**WORK TO BE COMPLETED**: For this exercise, retype each line of the material below verbatim and omit any picture.

**PROVIDED DATA**:
>>>

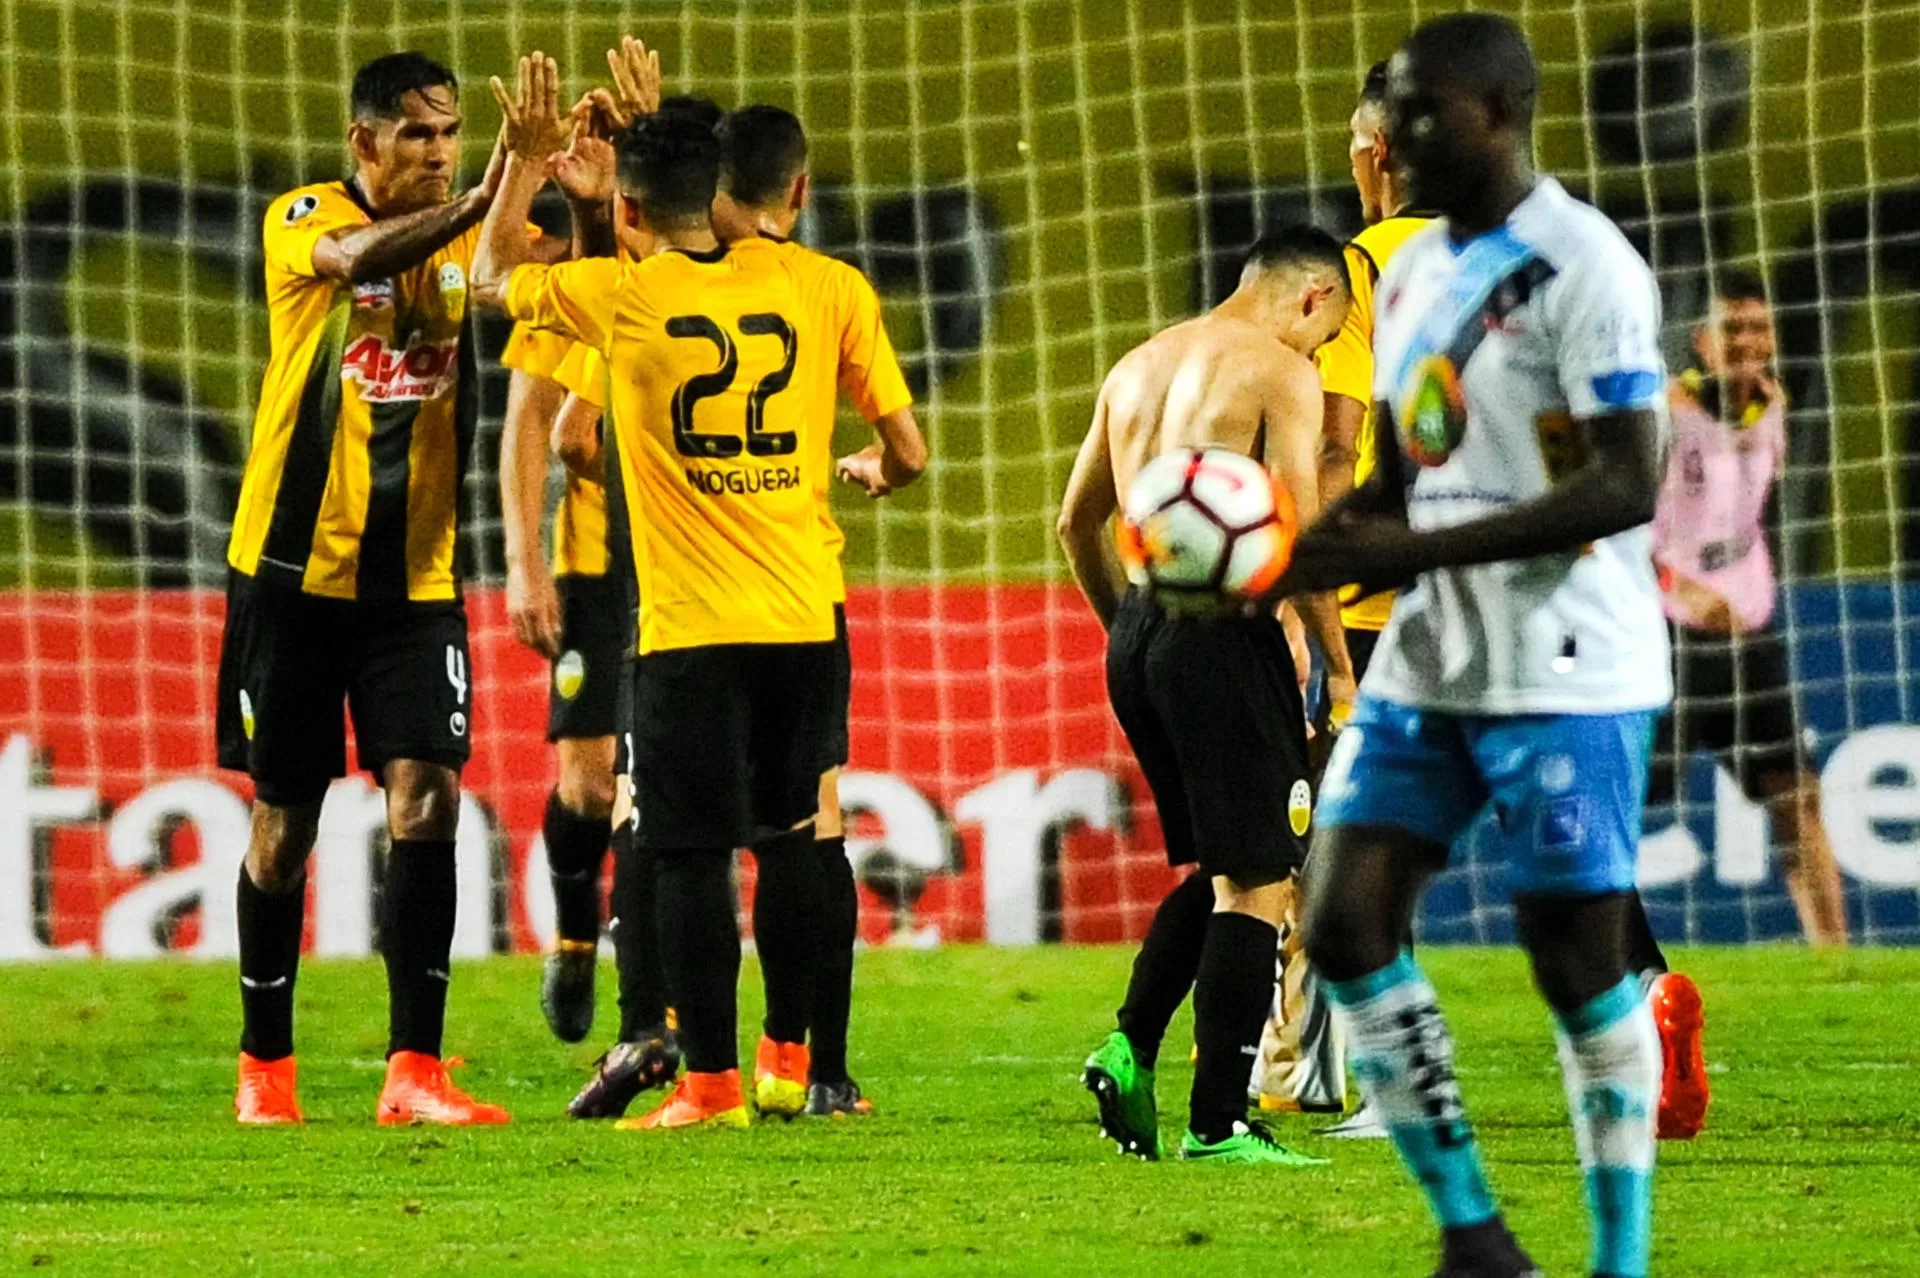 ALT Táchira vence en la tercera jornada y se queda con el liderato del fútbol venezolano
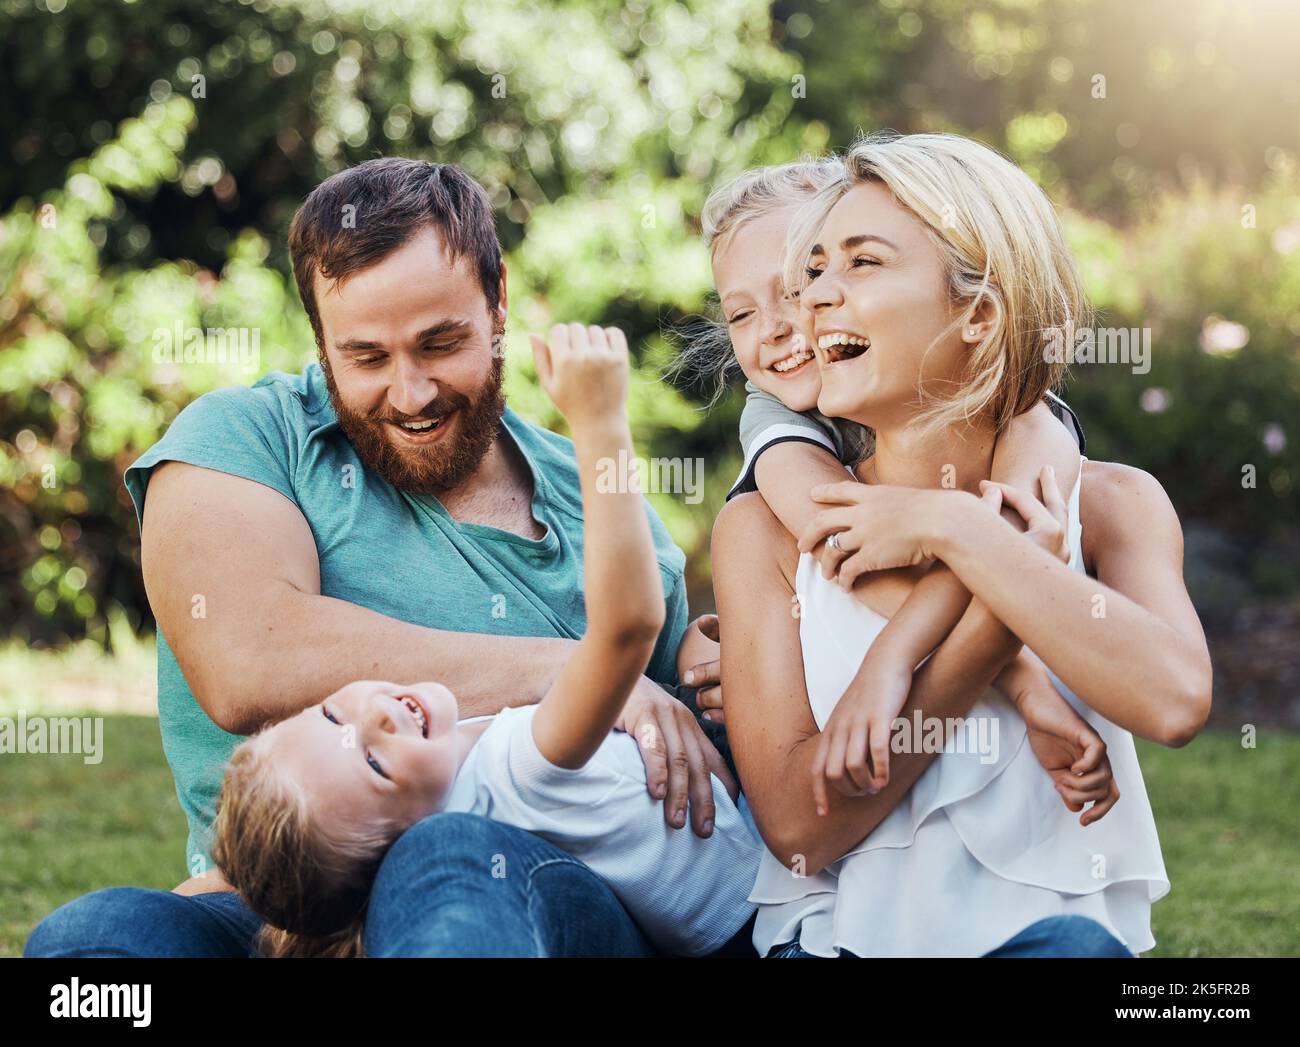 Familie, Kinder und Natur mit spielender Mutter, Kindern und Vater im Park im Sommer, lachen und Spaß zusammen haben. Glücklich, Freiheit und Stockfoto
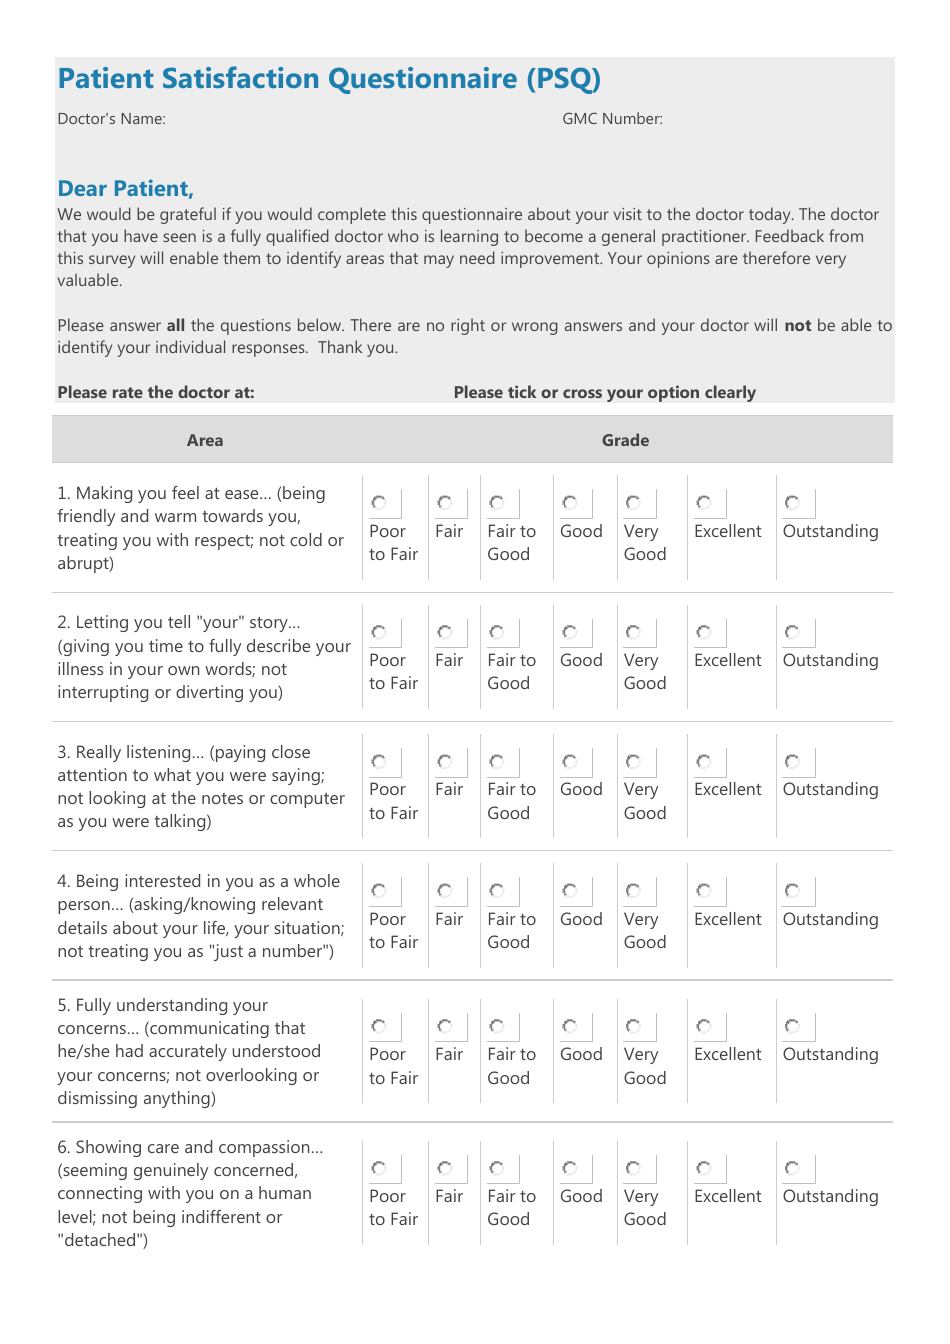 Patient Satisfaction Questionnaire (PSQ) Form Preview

<<<

**COMPLETED TASK**:
 ALT Táchira vence en la tercera jornada y se queda con el liderato del fútbol venezolano
 Familie, Kinder und Natur mit spielender Mutter, Kindern und Vater im Park im Sommer, lachen und Spaß zusammen haben. Glücklich, Freiheit und Stockfoto
 Patient Satisfaction Questionnaire (PSQ) Form Preview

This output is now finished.